The
Community Planning Elites and Spatial Inequality paper presents an analysis of planning related community activism in the London Borough of Haringey drawn from a longitudinal study of planning, regeneration and the politics of community participation.
The paper identifies a strong contrast between the prosperous west of the borough and deprived localities to the east in relation to the nature, extent and effectiveness of activism. In the affluent west, organised networks of amenity and single issue groups forced levels of institutional accountability that contrasted with indifference by the local political elite to community views on planning issues in Tottenham and other deprived areas to the east of the borough.
In the west of the borough, the community groups achieved the status of consultees on planning issues, a status that complemented a formal structure of institutional consultation.
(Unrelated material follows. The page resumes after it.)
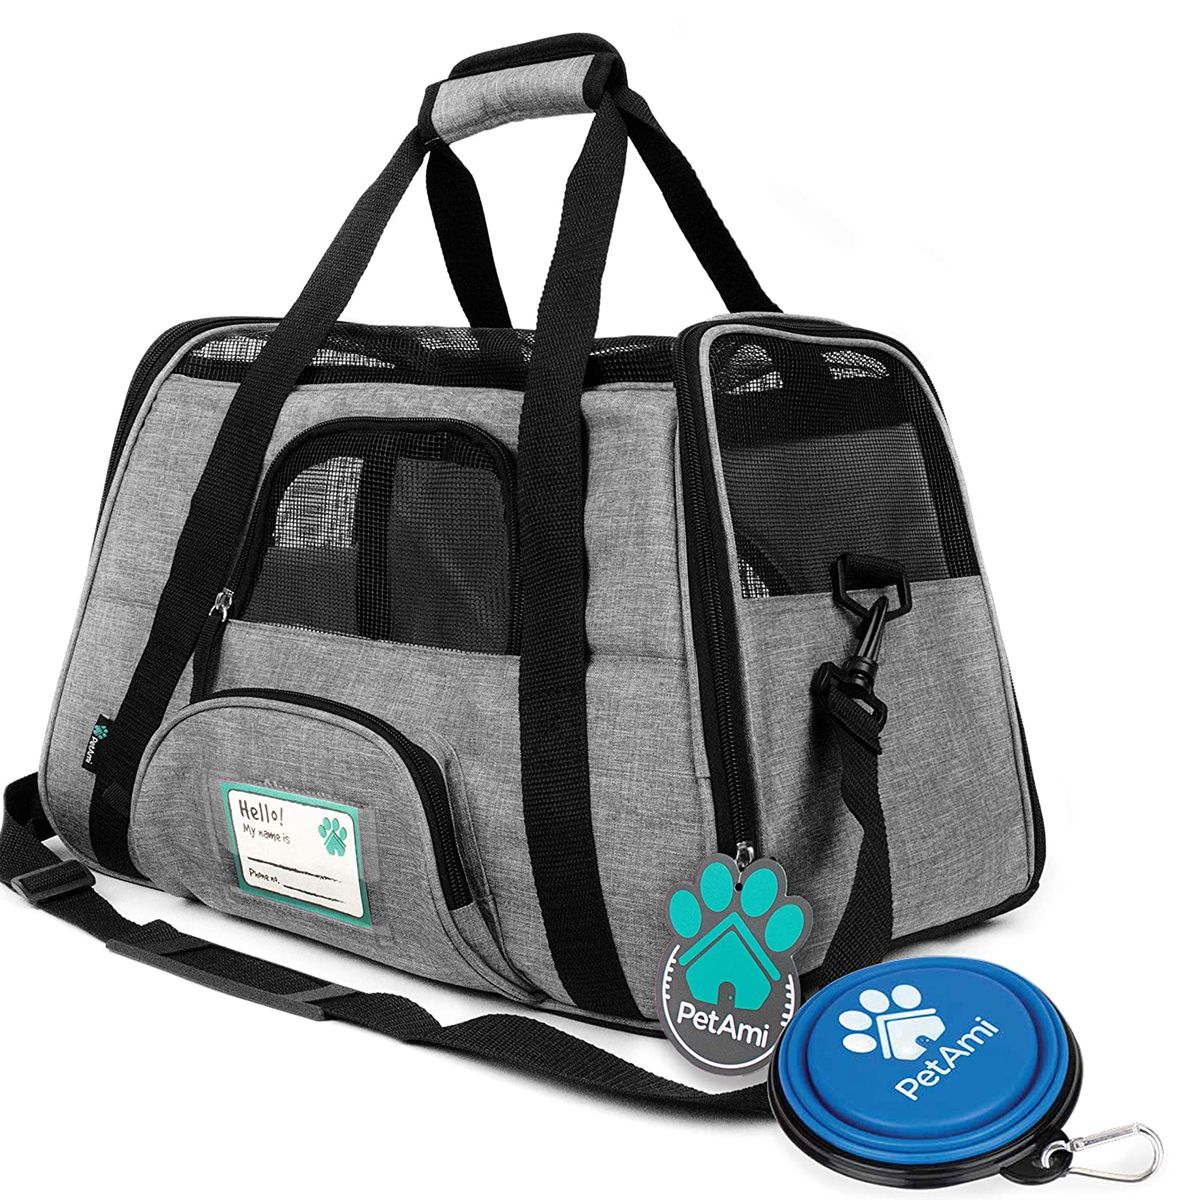 „Sherpa American Airlines“ avialinijų patvirtintas šunų ir kačių nešiojimo krepšys

The realpolitik, described by various community activists, planning officers and councillor interviewees, was that the Council treated west and east differently when it came to development proposals, the sale of council-owned land, the location of social housing and the protection of designated open space.
The paper should be relevant to those interested in regeneration, community development, activism, planning and local government as well as urban social polarization.
Professor Bryan Fanning is the Co-Director of the Migration and Citizenship Research Initiative (MCRI) and a member of the School of Applied Social Research at University College Dublin.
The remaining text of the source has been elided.